Dataset excerpt
────────

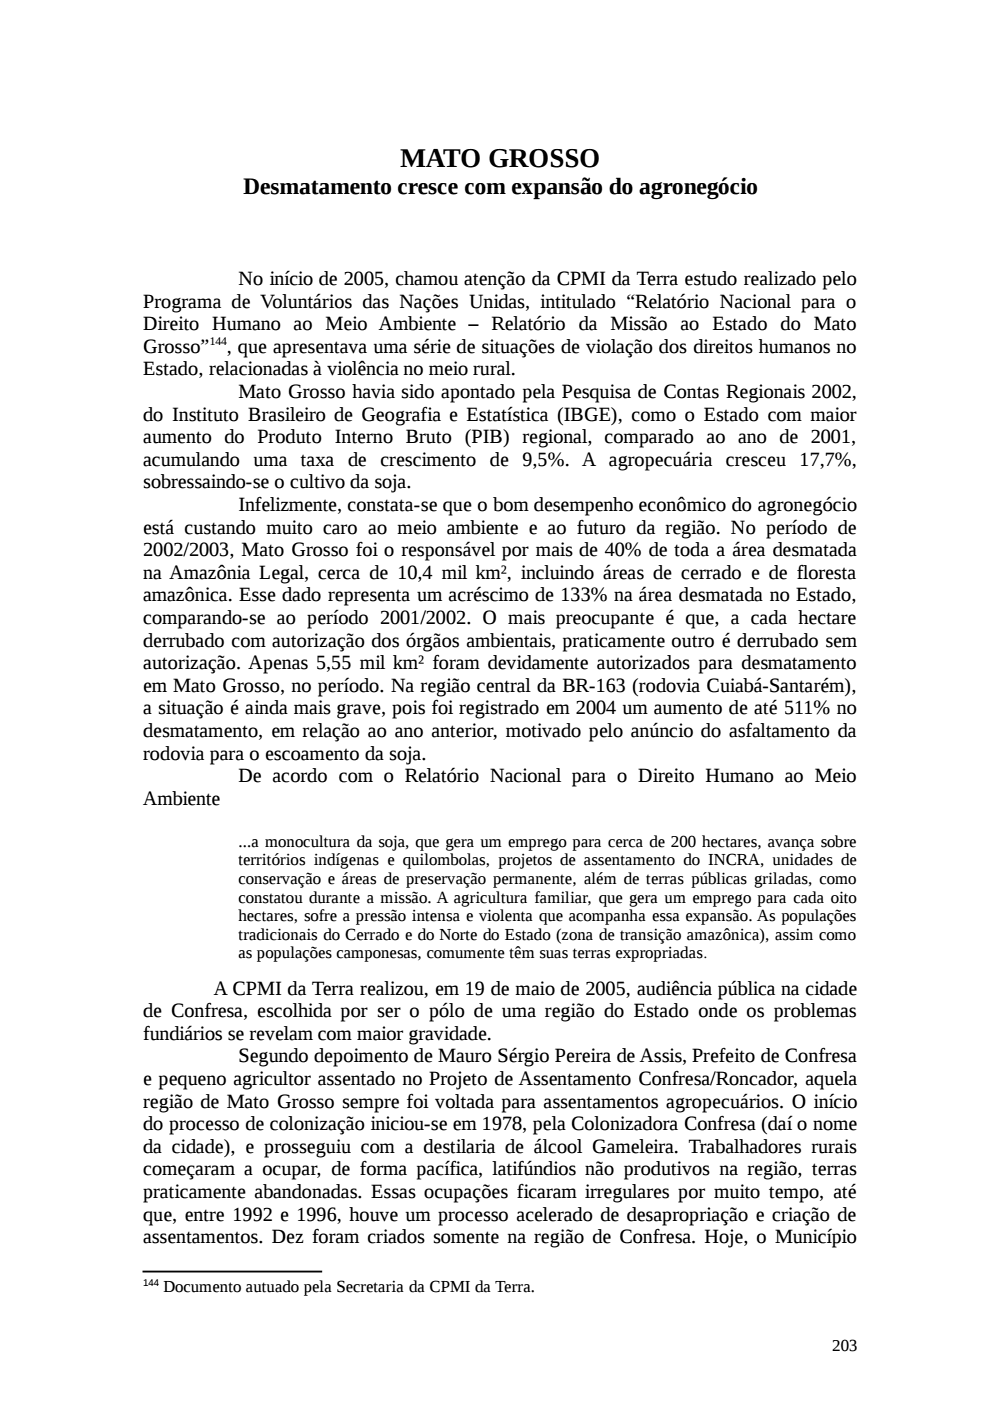 Page 203 from Relatório final da comissão
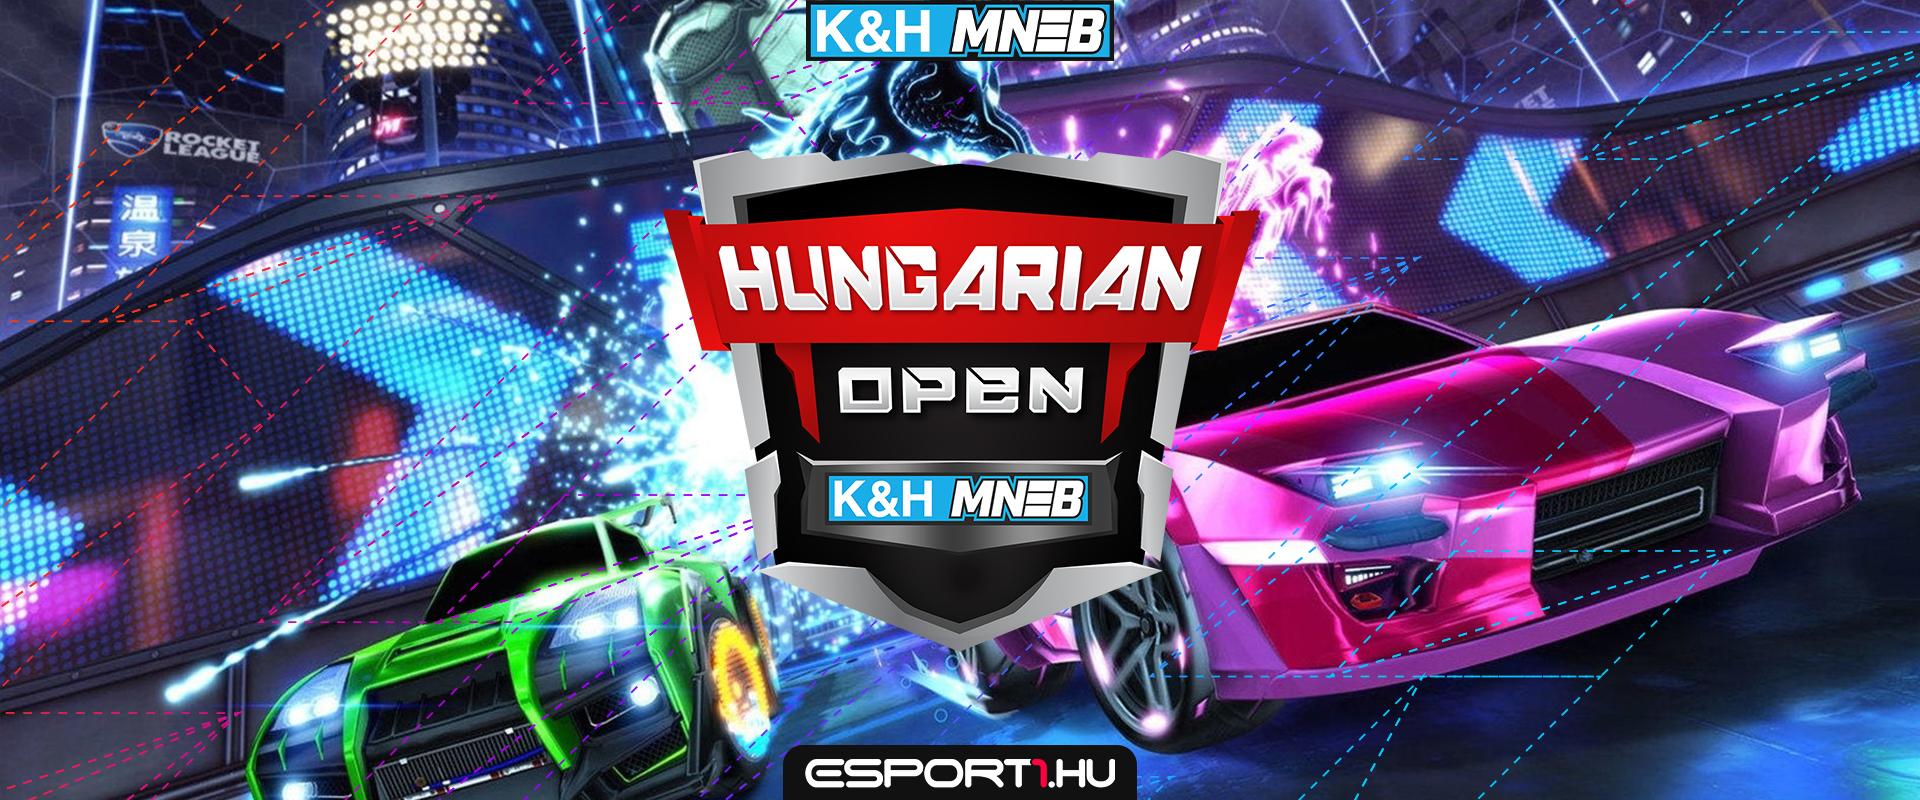 K&H MNEB-HO: Meggyőző teljesítménnyel az MTK Budapest lett végül a 3. esemény bajnoka
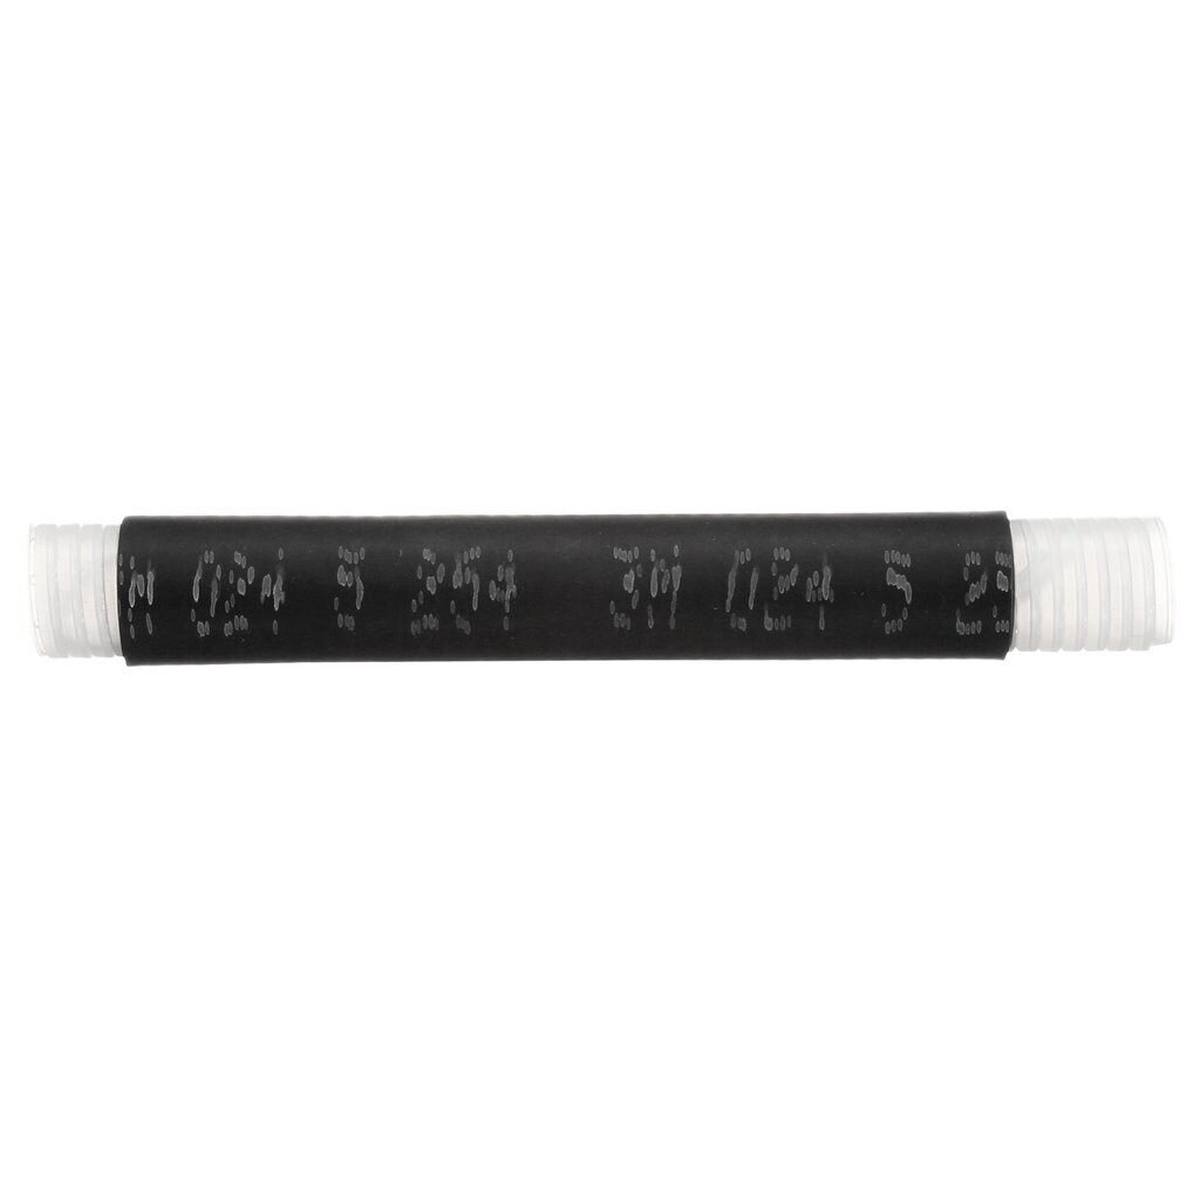 3M 8425.8 Cold-shrink tubing, EPDM, black, 10.1/20.9 mm, 203 mm

────────

Task requirements
Word-for-word output of the material above is needed, with the pictures left out.

Your solution
 Page 203 from Relatório final da comissão
 K&H MNEB-HO: Meggyőző teljesítménnyel az MTK Budapest lett végül a 3. esemény bajnoka
 3M 8425.8 Cold-shrink tubing, EPDM, black, 10.1/20.9 mm, 203 mm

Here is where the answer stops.